Saved entries
--- START ---

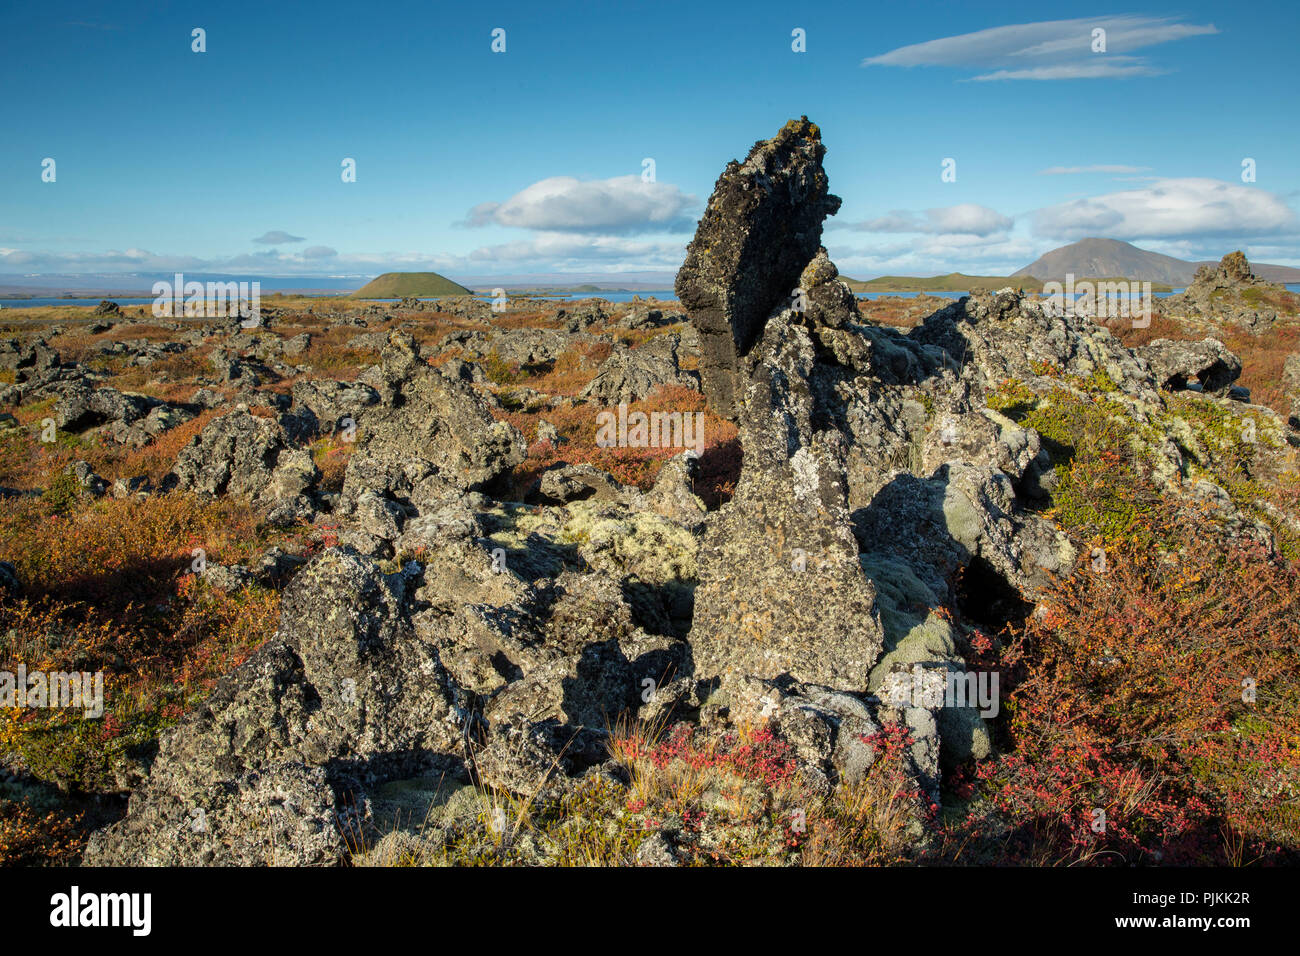 Iceland, Myvatn, lava rocks, Dimmuborgir lava field, Myvatn lake, pseudo crater, autumn leaves, cranberry foliage, blue sky Stock Photo
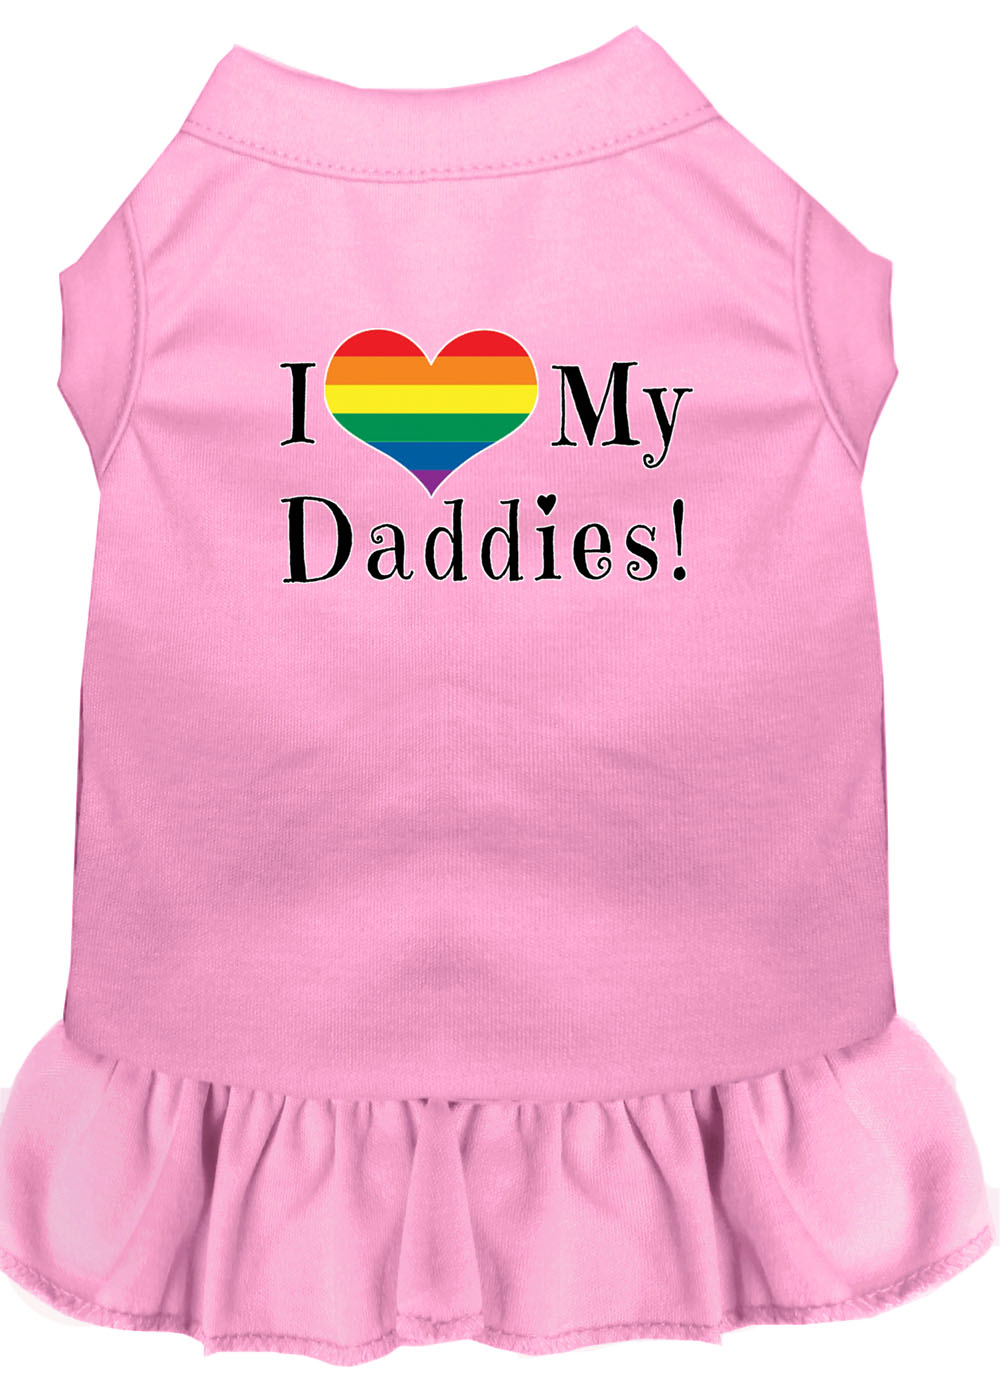 I Heart my Daddies Screen Print Dog Dress Light Pink XL
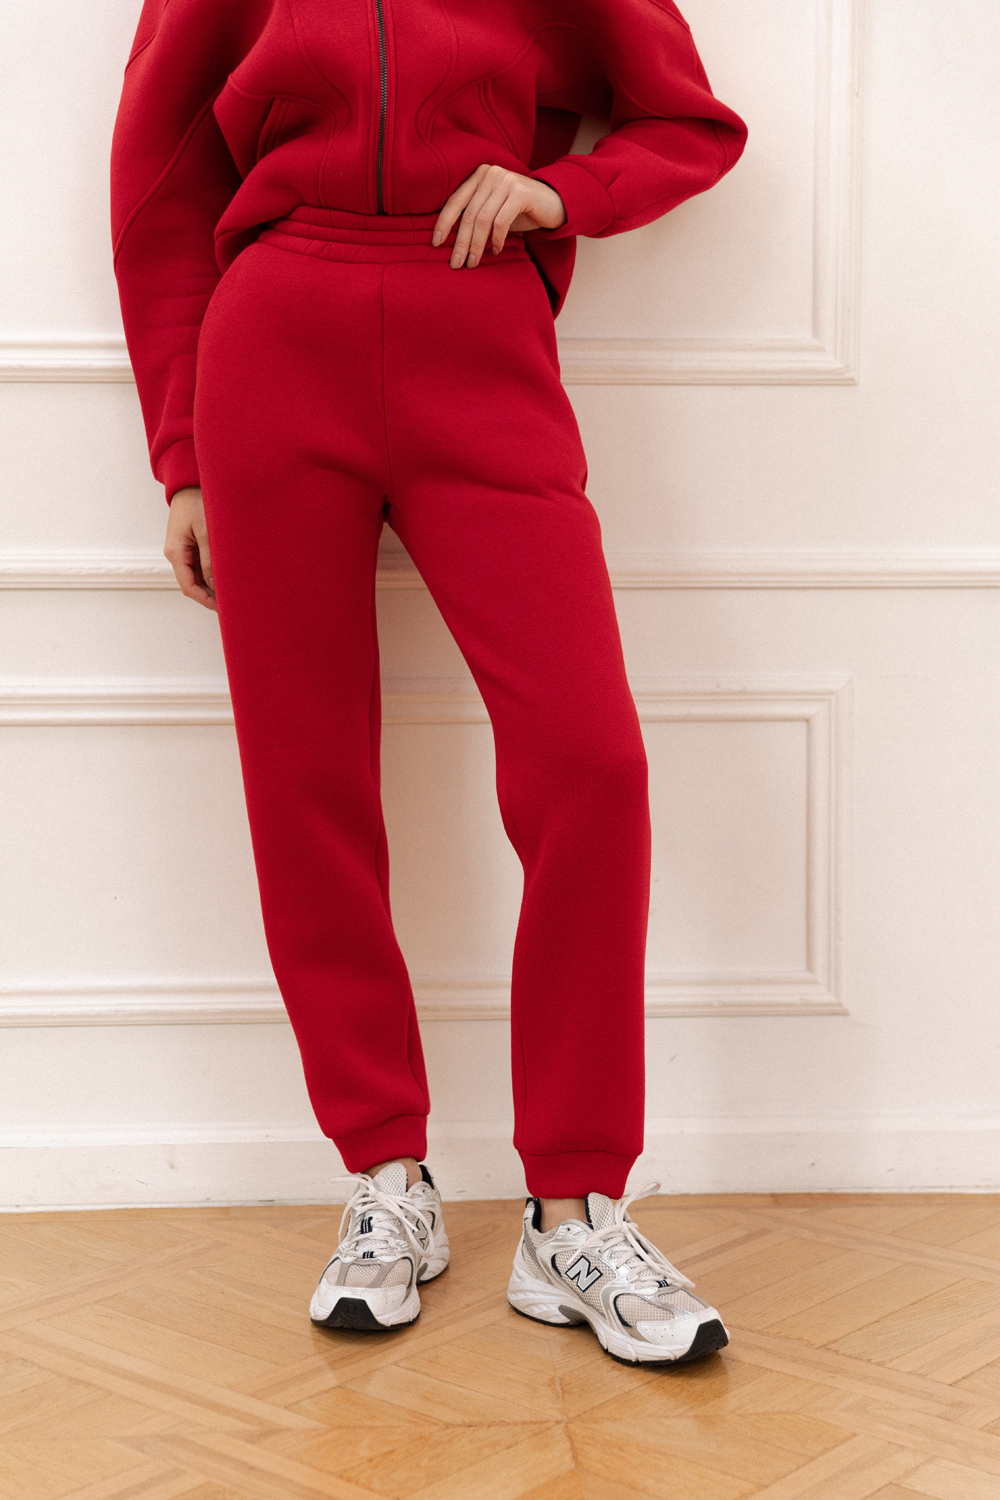 Red fleece pants
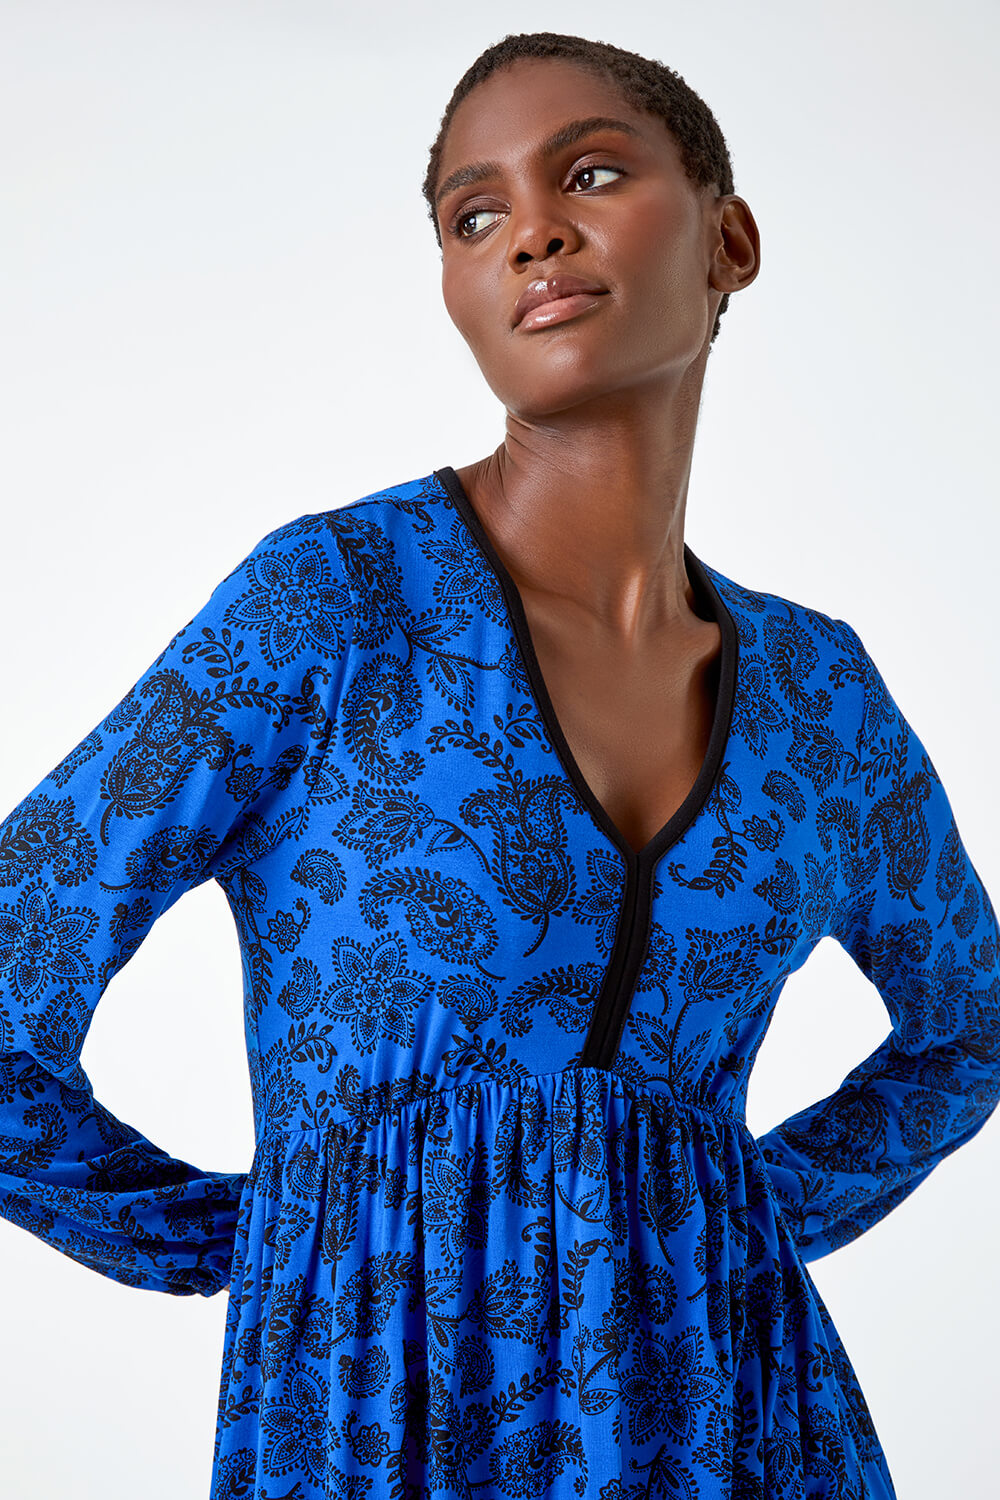 Royal Blue Floral Print Stretch Jersey Dress, Image 4 of 5
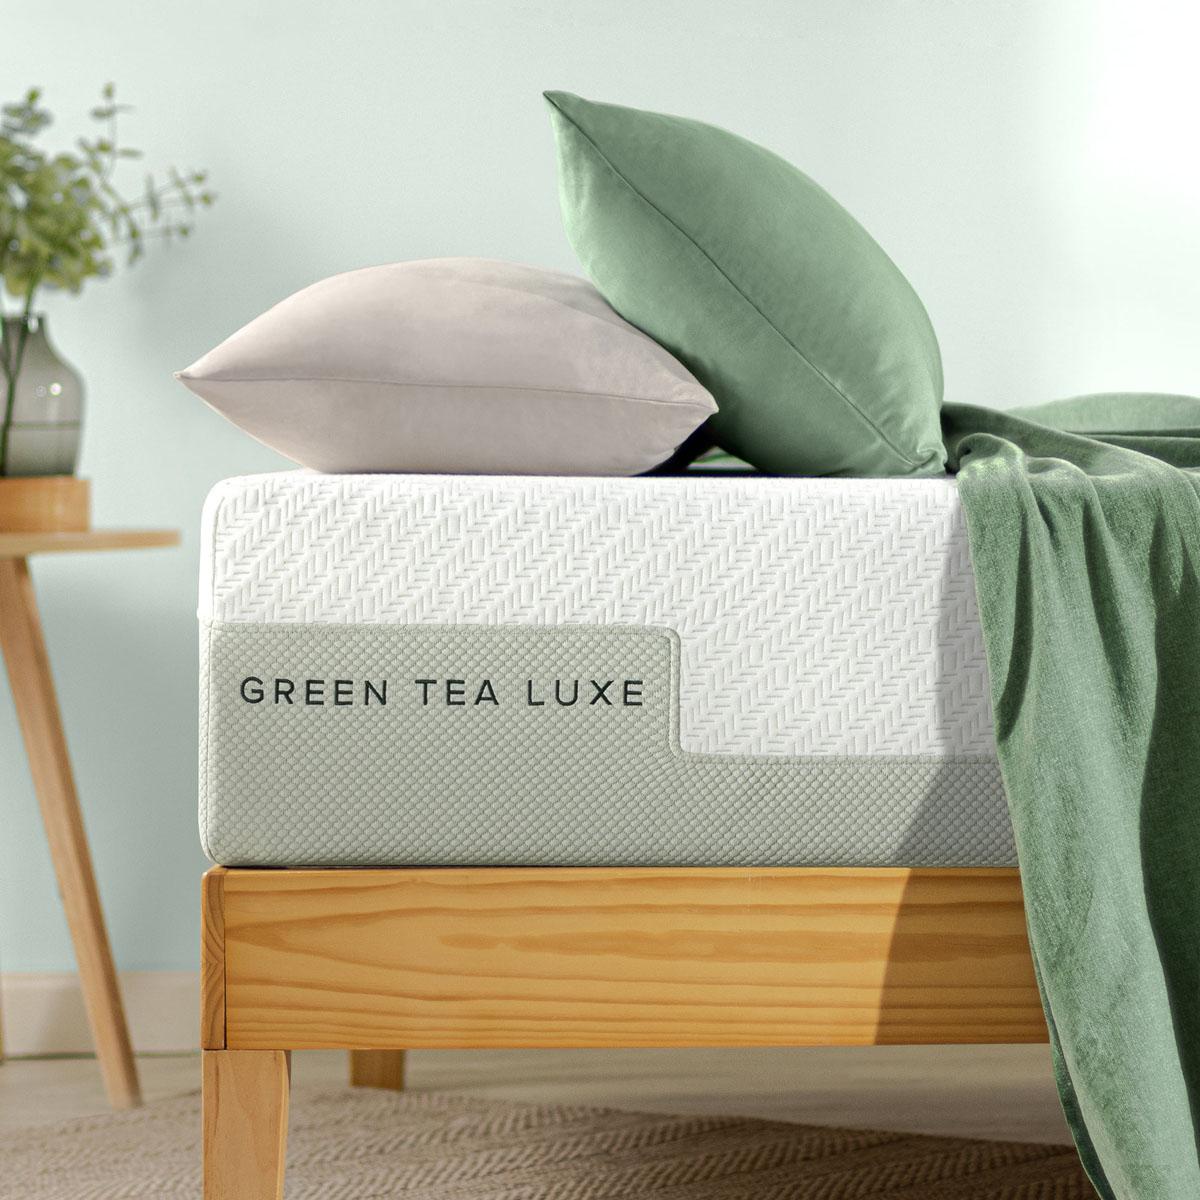 Zinus 12in Green Tea Luxe Queen Memory Foam Mattress for $199 Shipped
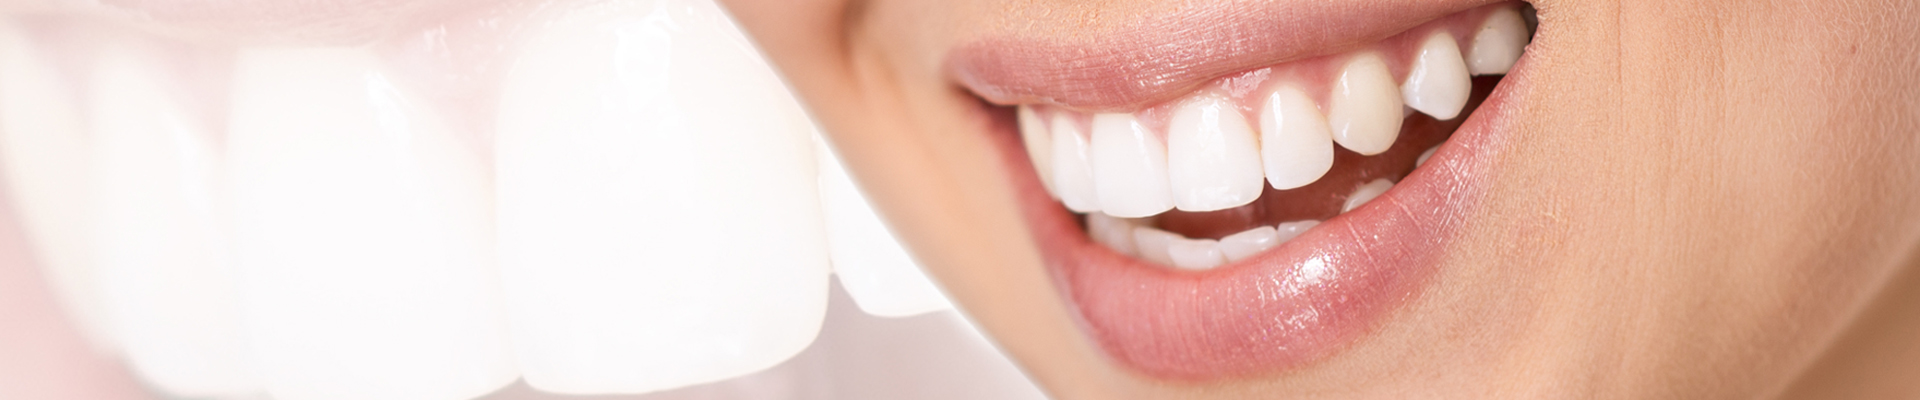 Types of Teeth Whitening Methods

--- END ---

§ TASK TO COMPLETE
From the line with "Red fleece pants" through the final line of the records above, return each line exactly and nothing else. Pictures are to be skipped.

§ ANSWER TO THIS EXERCISE
 Red fleece pants
 Royal Blue Floral Print Stretch Jersey Dress, Image 4 of 5
 Zinus 12in Green Tea Luxe Queen Memory Foam Mattress for $199 Shipped
 Types of Teeth Whitening Methods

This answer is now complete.